1️⃣Elbow to Ceiling: Anchor the resistance band around your back. I use a CLX TheraBand in the video.
-Place the band over your elbow and trace it down your forearm to your hand.
-Begin by pushing your elbow up towards the ceiling while focusing on protraction of the scapula.
Option: Elevate the shoulder to 120 degrees of shoulder flexion and 30 degrees of horizontal abduction to maximize activation of the serratus anterior.

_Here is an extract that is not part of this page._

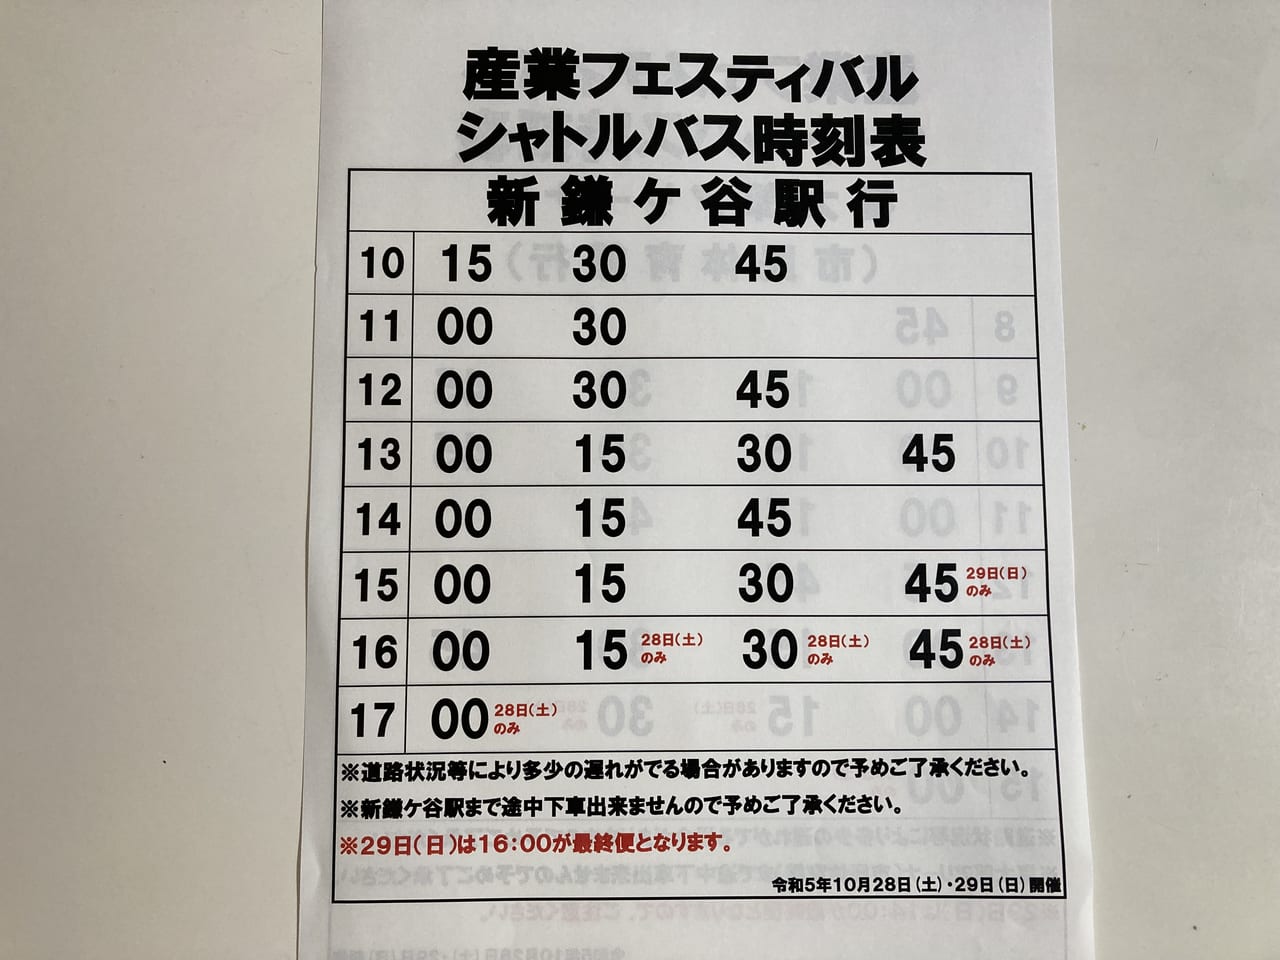 鎌ケ谷産業フェスティバルシャトルバス時刻表

2️⃣Serratus Anterior Uppercut: Using the pectoral muscles is a common compensation when performing an uppercut. If your intent of this exercise is to target the serratus anterior here is a quick tip: externally rotate your shoulder as you elevate your arm. Your pectoralis major is an Internal rotator at the shoulder. External rotation will reciprocally INHIBIT the larger pectoralis musculature!

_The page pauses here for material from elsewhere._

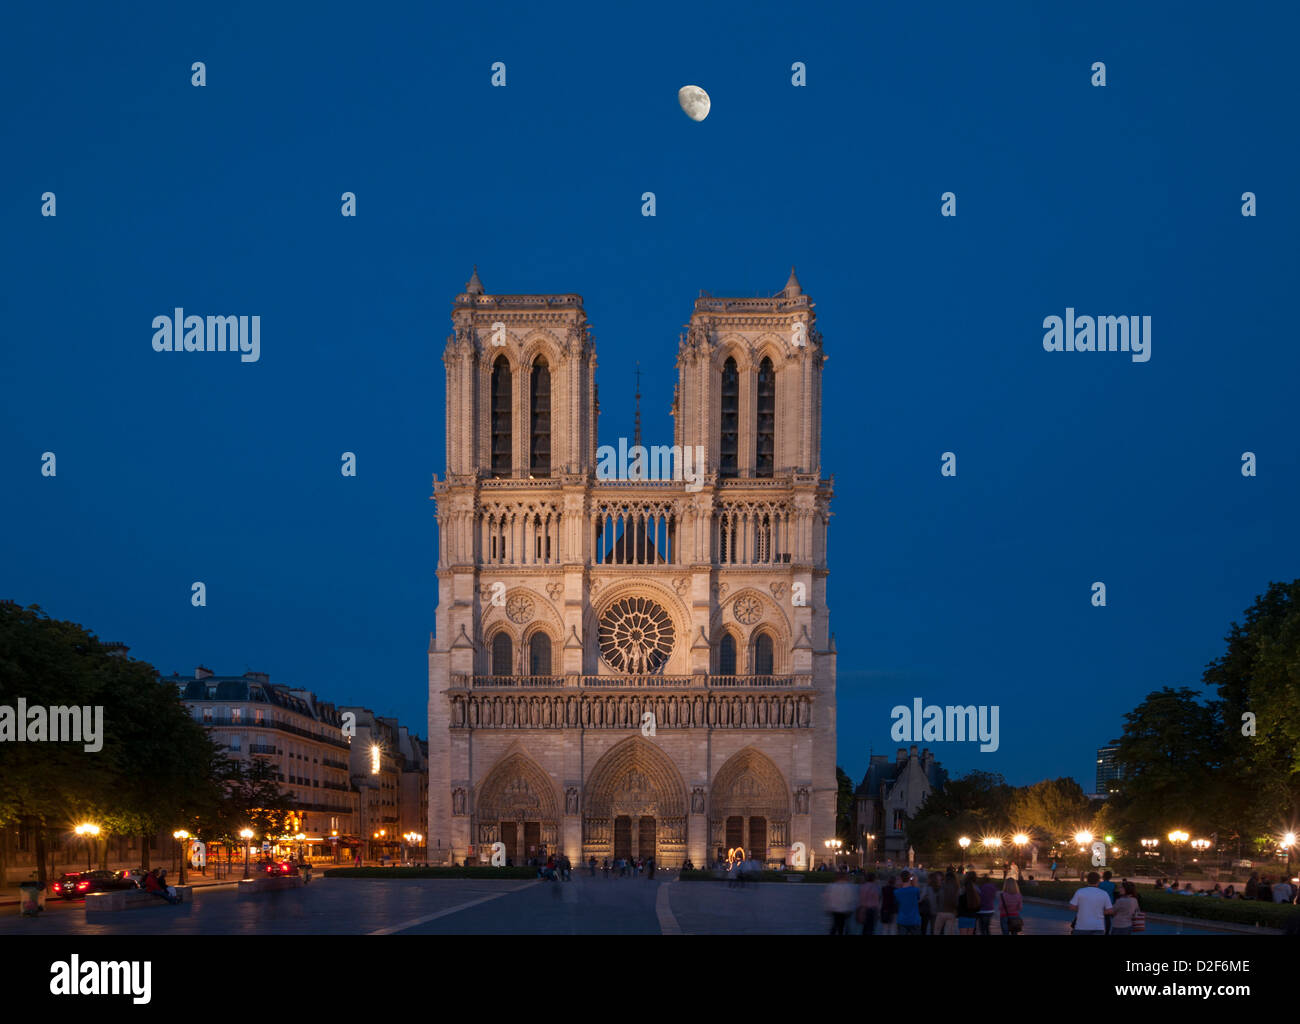 Cathedral of Notre Dame de Paris,France Stock Photo

3️⃣Ball in Pillow Case Swings: As crazy as this exercise seems, it is a great way to get the scapular muscles firing. Really exaggerate the scapular motion during these movements:
-Frontal Plane Circles
-Figure 8 Swings
-Sagittal Plane Circles

Supine Serratus Anterior Overhead Reach

Exercise1️⃣
-Lay on your back with a thera-band wrapped around your back
-Keeping your elbows straight and reach overhead, focus on the extra scapula pushout when you are overhead, this will help with Serratus Anterior Activation!
-Notice how the theraband is pulling across, this will help with rotator cuff and serratus anterior activation, and minimize the Pec muscles from doing the work.

Exercise 2️⃣
-Focus on a hip hinge while you are standing.
-Raise your arms overhead.
-Notice how I rotate my shoulder EXTERNALLY, but pointing my thumbs towards the ceiling? This is very subtle but can make all the difference in recruiting 👆Serratus Anterior and 👇Pec
📝 With both of these exercise do NOT arch the low back. One can make this more functional by elevating the shoulders in the scapular plane of movement, by horizontally abducting your shoulders 30 degrees.

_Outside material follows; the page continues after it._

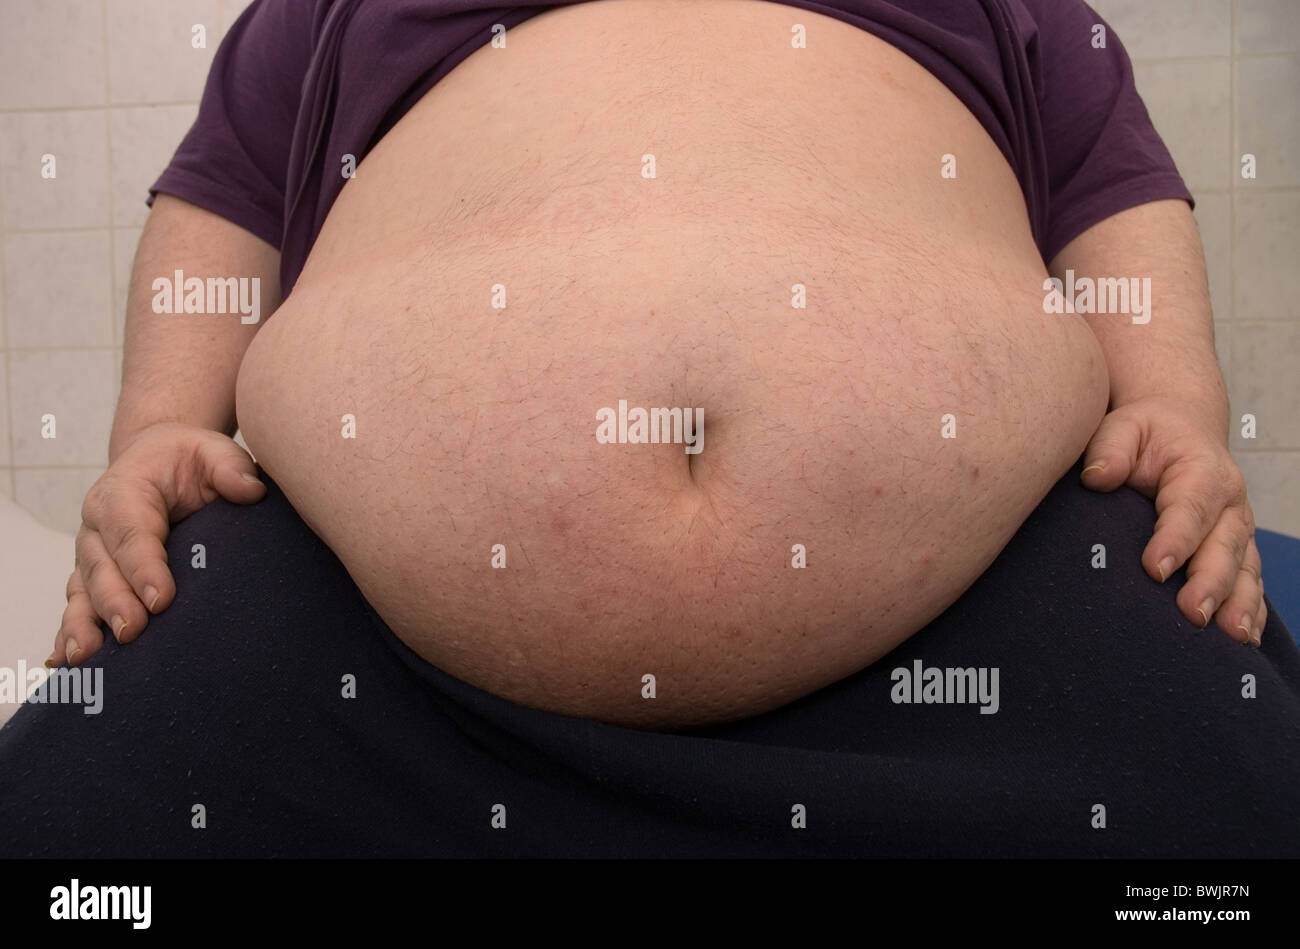 Ventre d'un patient obèse Photo Stock - Alamy

Serratus Anterior Bear Hug

1️⃣ Anchor resistance bands BELOW shoulder height to promote upward rotation/elevation
2️⃣ Crisscross the bands behind your back and have the bands between your body and your arm to promote ABDuction/protraction
3️⃣ Get into a split stance position and punch your arms forward above shoulder height to promote upward rotation/elevation
4️⃣ Rotate your hands/thumbs OUT ↔️ in efforts to bias the pecs less

Used here in this exercise is a Cross Over Symmetry Unit

Uppercut

When perform an uppercut, often times one will overcompensate with the Pectorial muscles! If your intent of this exercise is to target the Serratus Anterior here is a quick tip: Externally rotate your shoulder as you elevate your arm. Your Pectoralis Major is an Internal rotator at the shoulder; external rotation will be reciprocally INHIBITING these larger pectoralis musculature! Make sure to keep the elbow medial to your wrist during this exercise, this will ensure external rotation at the shoulder.

Banded Wall Slide

This video depicts a great way to strengthen the Serratus Anterior; when performing this focus on the upward rotation of the scapula in a controlled manner. A progression is using the resistance band, which will increase the demand of the rotator cuff, which is essential for overhead athletes.

Conclusion

Serratus Anterior weakness has been shown to cause scapula winging. Does scapula winging cause pain? Click here for more.  This muscle is often implimented in Prehab and Rehab routines. This article is intended to demonstrate a few different open kinetic chain variations of improving activation and strength of the Serratus Anterior.

Bibliography

Anderson, CH, Zebis ME, Saervoll, CH, et al. Scapular Muscle Activity from Selected Strengthening Exercises Performed at Low and High Intensities: Journal of Strength & Conditioning Research. September 2012: 2408-2416.